Given the dramatic 14-fold (!) greater CDK4 activity in abemaciclib (Verzenio) compared to palbociclib (Ibrance) and ribociclib (Kisqali), as MONARCH 3 lead author Angelo Di Leo has established and noted in interview, and other consequent fundamental molecular pathway differences, I view these as only shared-class (CDK), but therapeutically distinct, agents, more like the difference between third-generation capecitabine (Xeloda) versus first-generation 5-FU although these are both fluoropyrimidines.

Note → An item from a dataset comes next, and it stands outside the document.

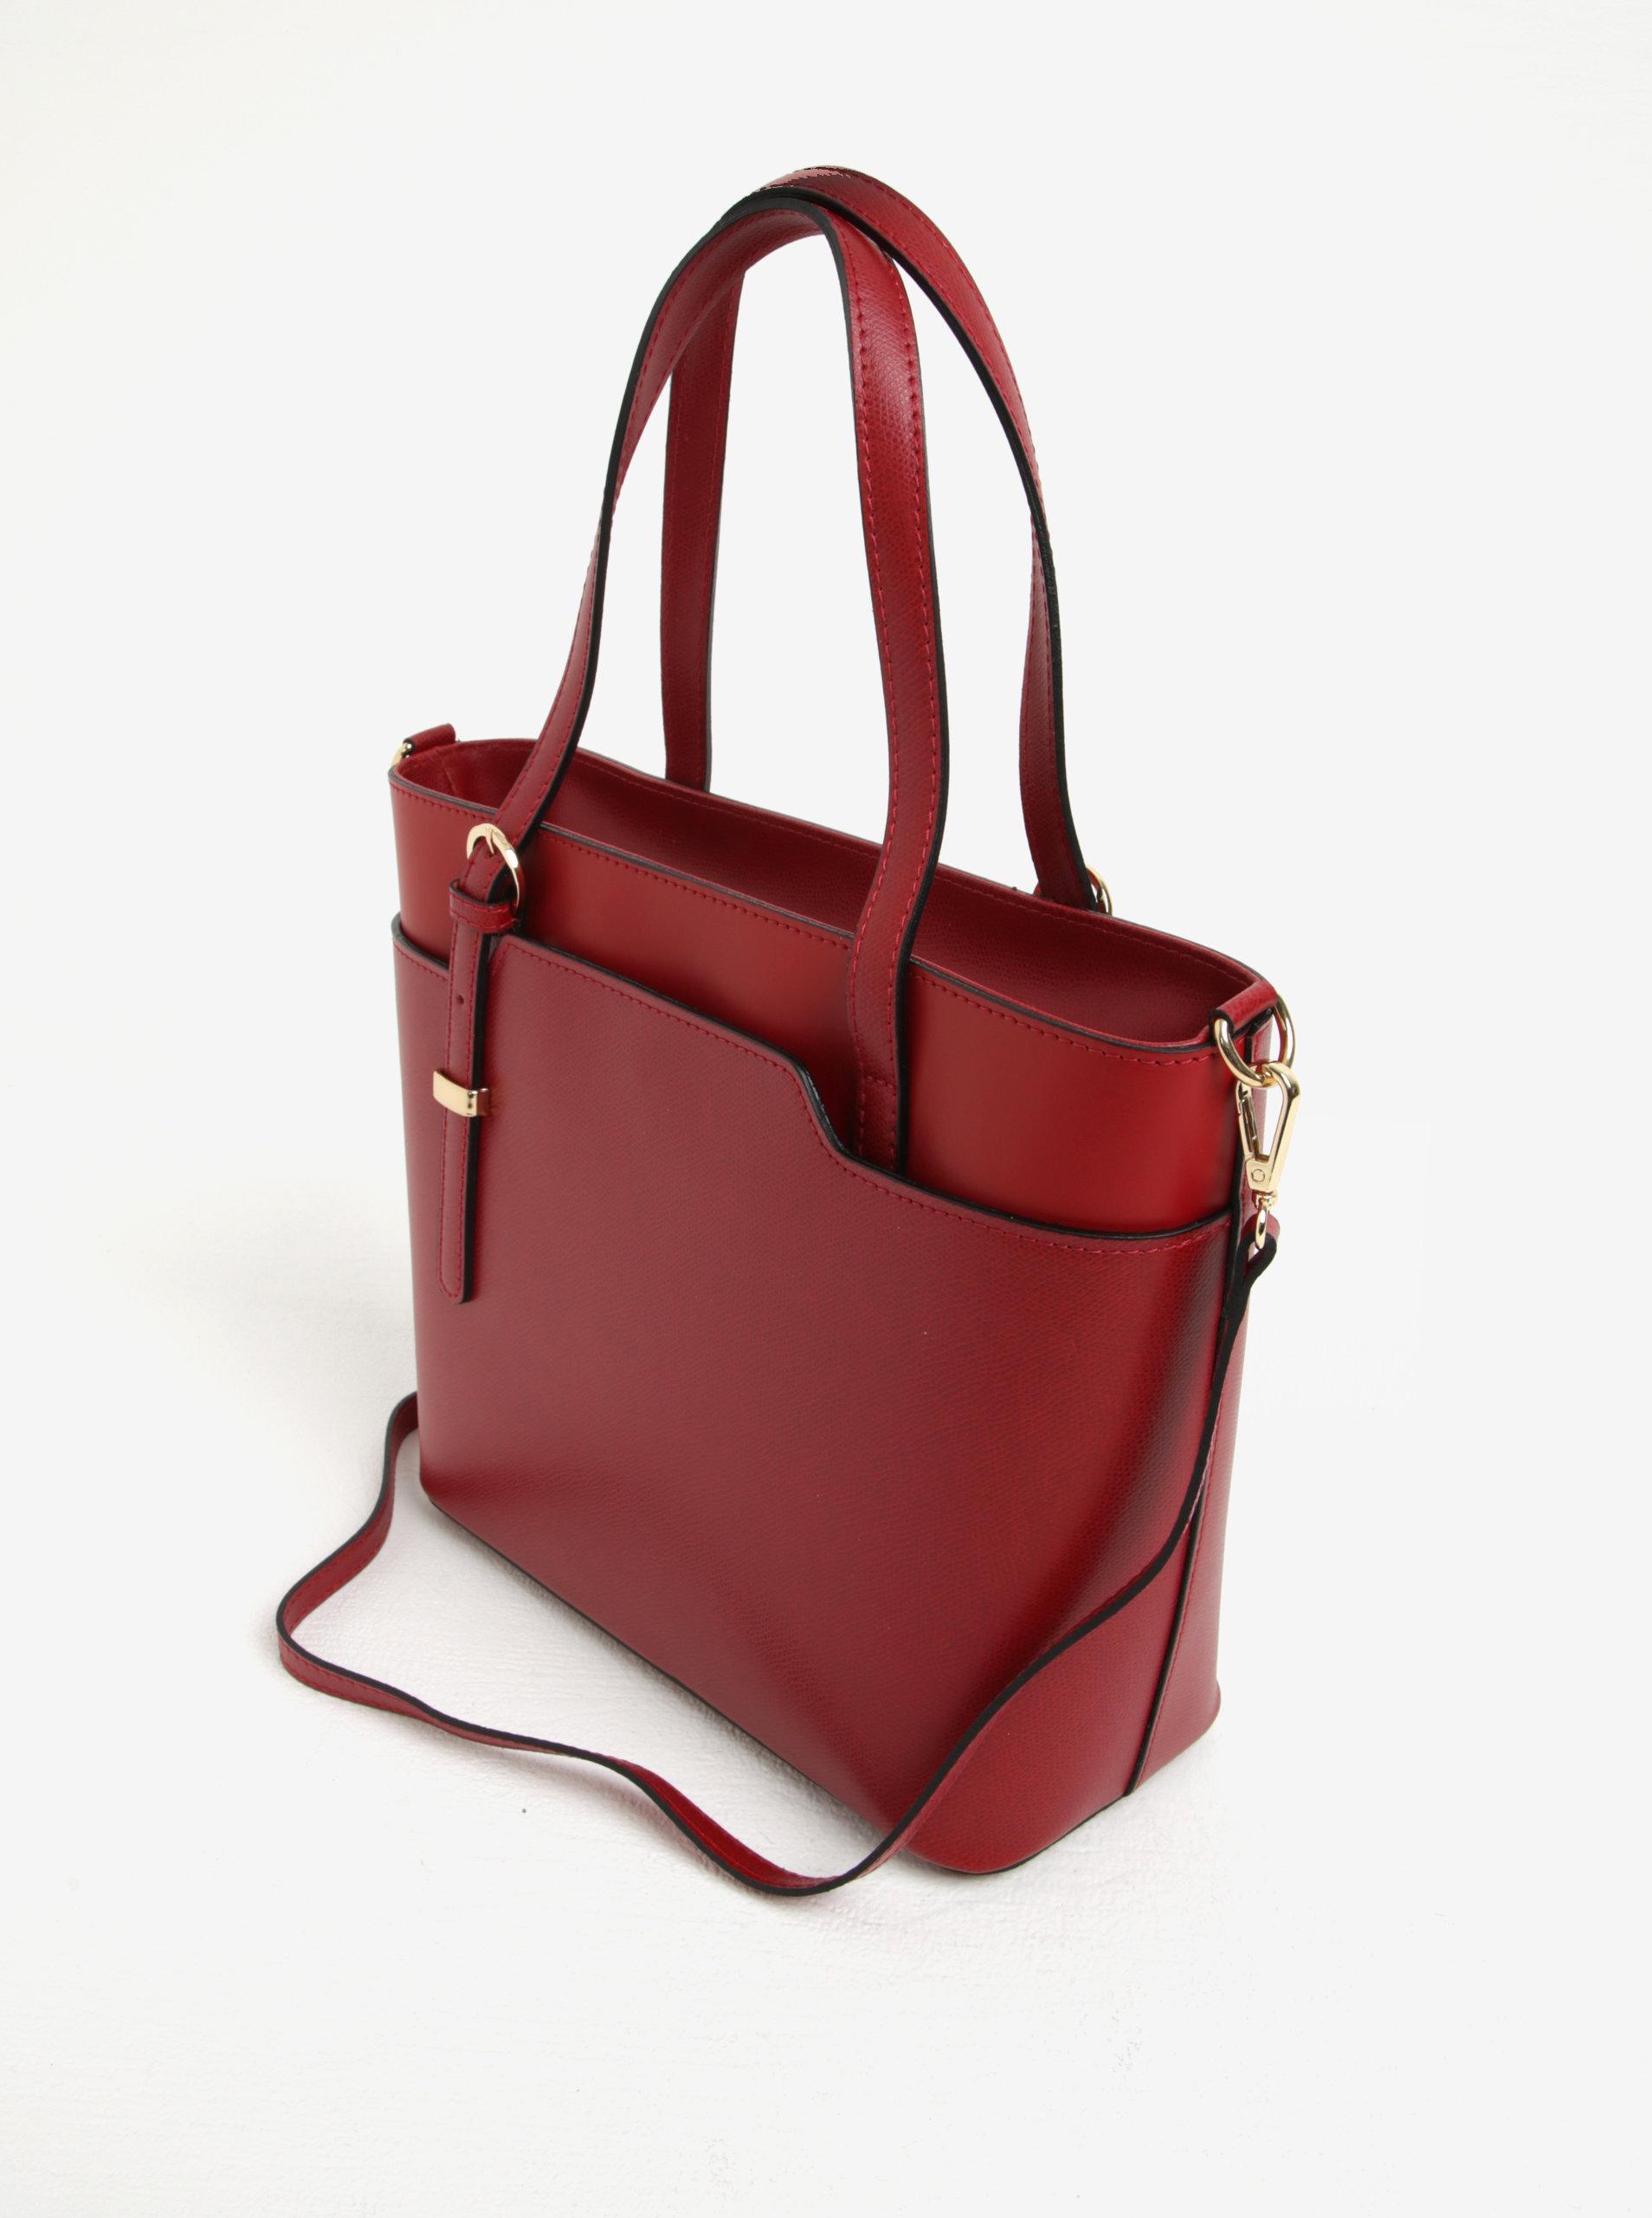 75a1cd2e73 Červená dámská kožená kabelka do ruky crossbody kabelka s hadím vzorem KARA  ...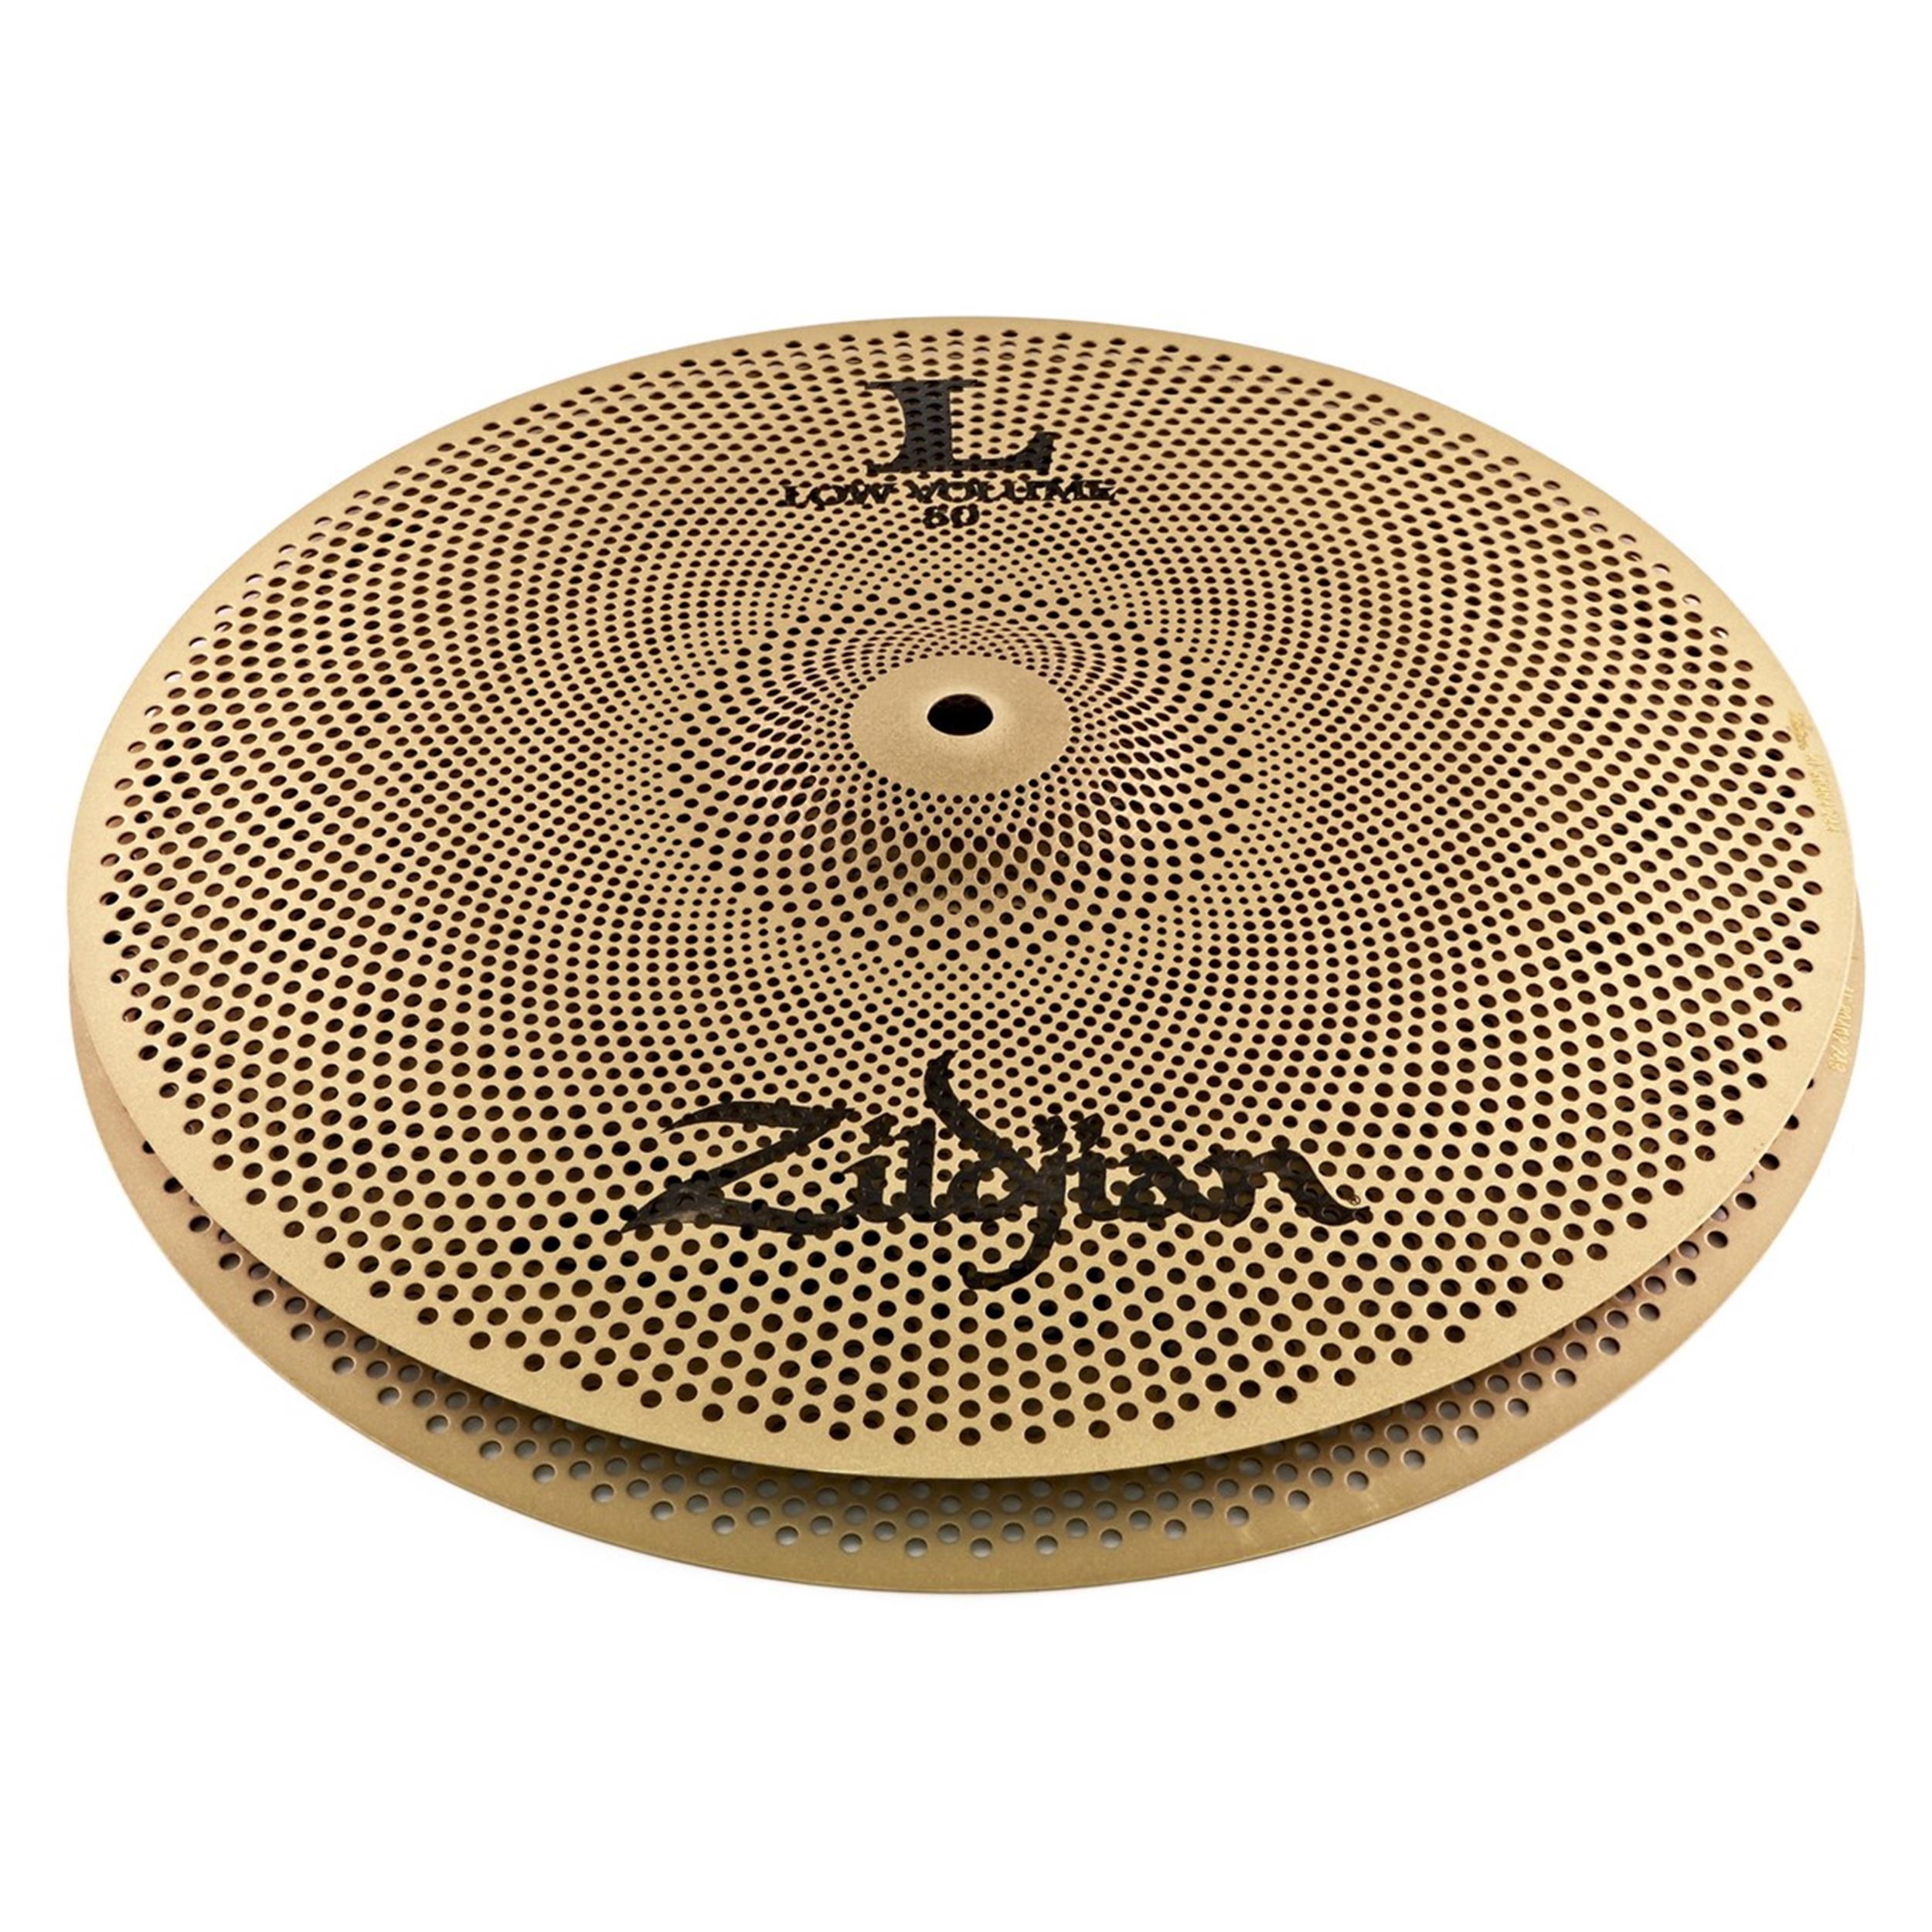 Zildjian-14-L80-Low-Volume-Hi-hat-cm-36-sku-9022057216009

So: More different than same as witness also the high degree of relative invariance of efficacy and durable response in later-line treatments for Verzenio compared to that of Ibrance (see my original posting, above). These differences are sufficient warrant for me to classify palbociclib (Ibrance) as a first-generation CDK inhibitor, and abemaciclib (Verzenio) as a second-generation CDK inhibitor. The devil - as always - is in the details.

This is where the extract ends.